Is there a way to force implicit conversion in function template argument deduction?

Question

I have this count_ function template that counts the occurrences of a value in a vector of that its type:

template <typename T>
std::size_t count_(std::vector<T> const& vt, T const& value)
{
    std::cout << "count_(vector<T>, T const&)\n";
    std::size_t n{};
    for(auto const& e : vt)
        if(e == value)
            ++n;
    return n;
}

template <>
std::size_t count_(std::vector<char const*> const& vcp, char const * const& value)
{
    std::cout << "count_(vector<char const*>, char const*const&)\n";

    std::size_t n{};
    for(auto const& e : vcp)
        if( !strcmp(e, value))
            ++n;
    return n;
}



int main()
{

    std::vector<std::string> vs{"function", "C++", "template", "C++", "specialization", "partial", "C++", "full"};
    std::cout << count_(vs, std::string("C++")) << '\n';

    std::vector<double> vd{3.14, 5.2, 7.7, 3.14, 56.87, 3.14, 6.8798, 12.545};
    std::cout << count_(vd, 3.14) << '\n';

    std::cout << count_(std::vector{7, 24, 16, 7, 81, 7, 5, 7, 23, 10, 7, 15, 8}, 7) << '\n';

    std::vector<char const*> vcp{"function", "C++", "template", "C++", "specialization", "partial", "C++", "full"};
    std::cout << count_(vcp, static_cast<char const*>("C++")) << '\n';


    std::cout << "\ndone!\n";
}

• The program works just fine however I always need to explicitly cast or pass the second argument to the type of the element type of the vector that is passed as the first argument.
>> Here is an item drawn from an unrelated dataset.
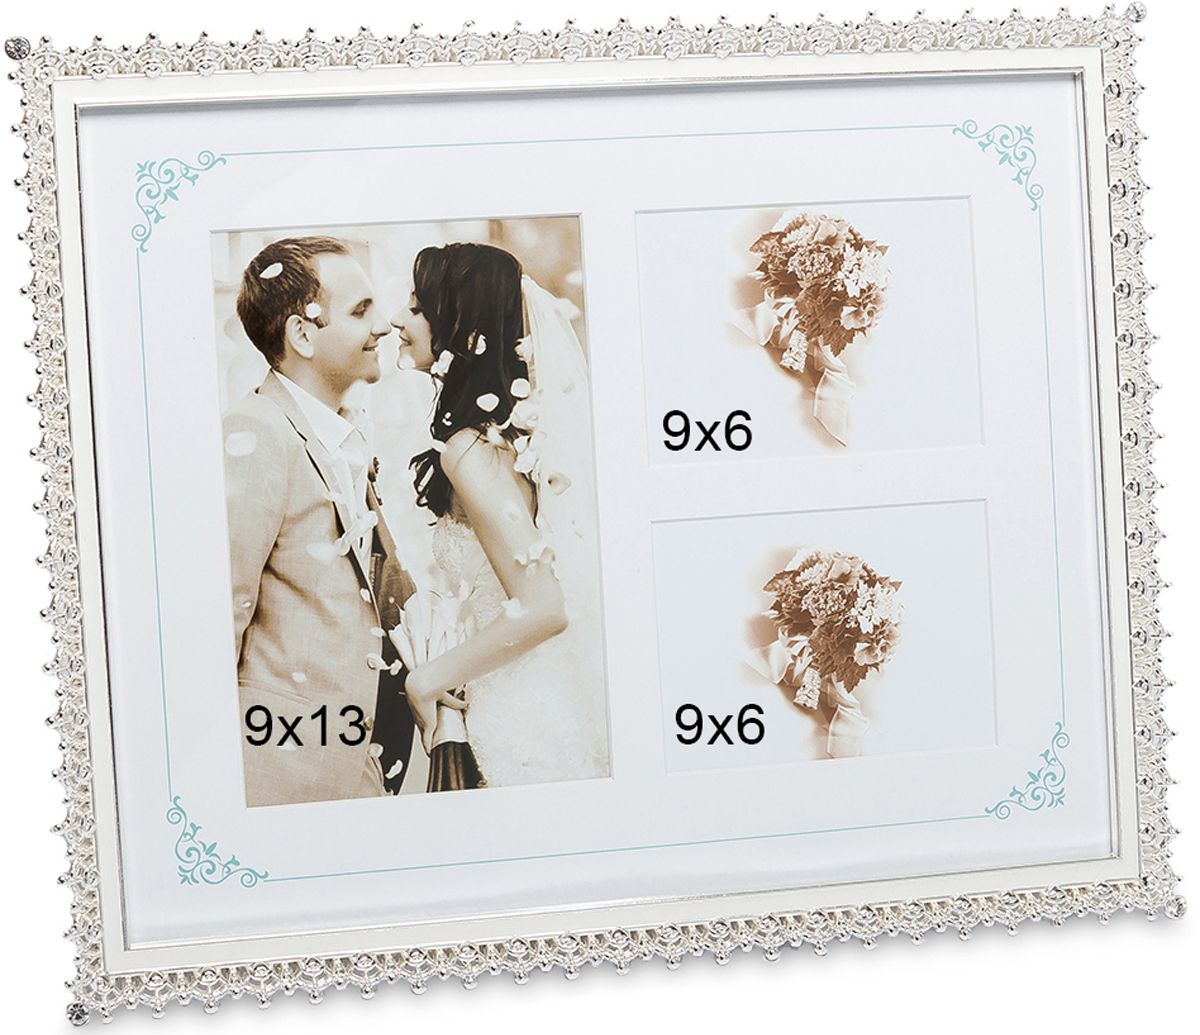 Фоторамка Bellezza Casa Мгновения любви, на 3 фото: 9х13, 9х6. CHK-172CHK-172Фоторамка для влюблённых изготовлена из фарфора и текстиля. На текстильной основе можно расположить до трёх фото, сделав компактную и красивую фотоподборку на память. Одна или две фотографии также будут прекрасно смотреться в такой рамке. Блестящий фарфор создаёт стильный и оригинальный вид.Фоторамка для фотографий 9х13 и 9х6 см.

• I know this occurs due to the limited number or allowed implicit conversion in template Argument Deduction. And if count_ is an ordinary non-template function then it works OK without casting a literal string to a constant pointer to char.

So is there a better way to avoid such casts std::string("C++"), static_cast<char const*>("C++")...?
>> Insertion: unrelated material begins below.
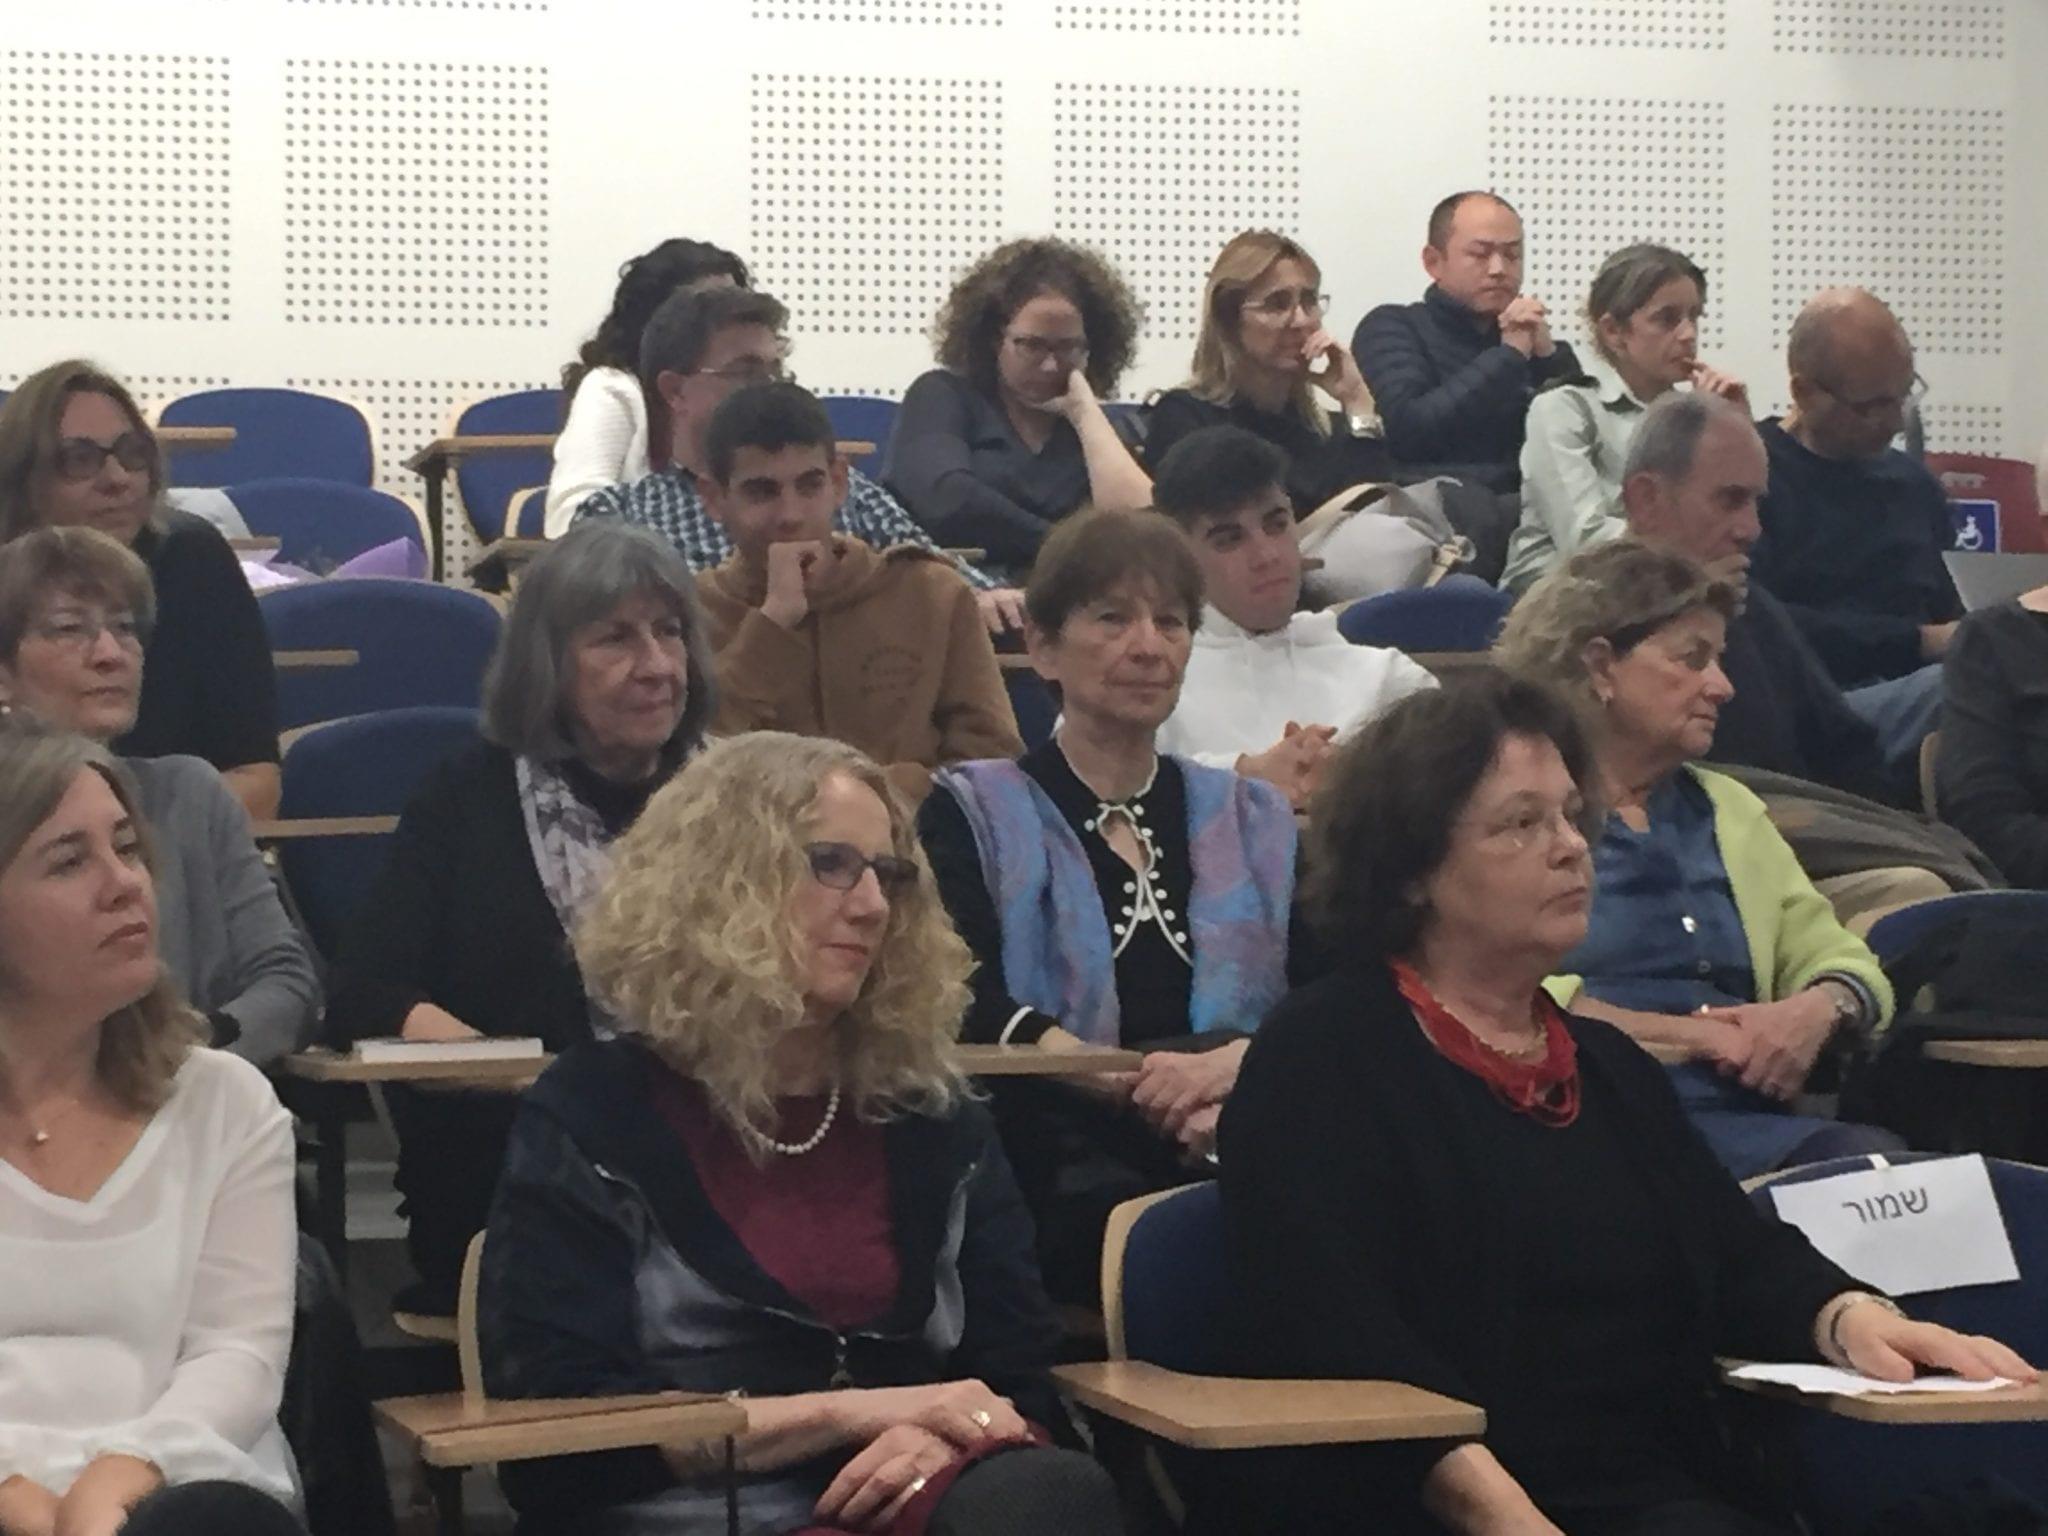 תמונה של הקהל באירוע השקת הספר על מדים אני מלך

I guess there is something like "meta-programming" if so could you elaborate an example please?

Answer 1

Command the template argument to be deduced from the vector, but not from the value

template<typename T> //                                             v      only required change       v
typename std::vector<T>::size_type count_(std::vector<T> const &vt, typename std::vector<T>::value_type const &value) {
    std::cout << "count_(vector<T> const&, T const&)\n";
    typename std::vector<T>::size_type n = 0;
    for(auto const &e : vt) if(e == value) n++;
    return n;
}

Template parameter deduction basically cannot "see" through type aliases, especially not ones that are members of an as-yet unknown specialization. The second argument to count_ no longer participates in deducing T. Rather, the vector always decides T, and then the second argument is implicitly converted to its type. Your specialization remains a specialization. Actually, it doesn't change.

// just cosmetic changes
template<>
std::vector<char const*>::size_type count_(std::vector<char const*> const &vcp, char const *const &value) {
    std::cout << "count_(vector<char const*> const&, char const *const&)\n";
    std::vector<char const*>::size_type n = 0;
    for(auto const &e : vcp) if(!std::strcmp(e, value)) n++;
    return n;
}

Godbolt

Note: in this case we're "lucky" that std::vector<T>::value_type is a conveniently available alias for T. In general, you can use std::type_identity_t<T> as a template deduction blocker, but that's only available in C++20. (Of course, you can implement it yourself—it's only two lines!)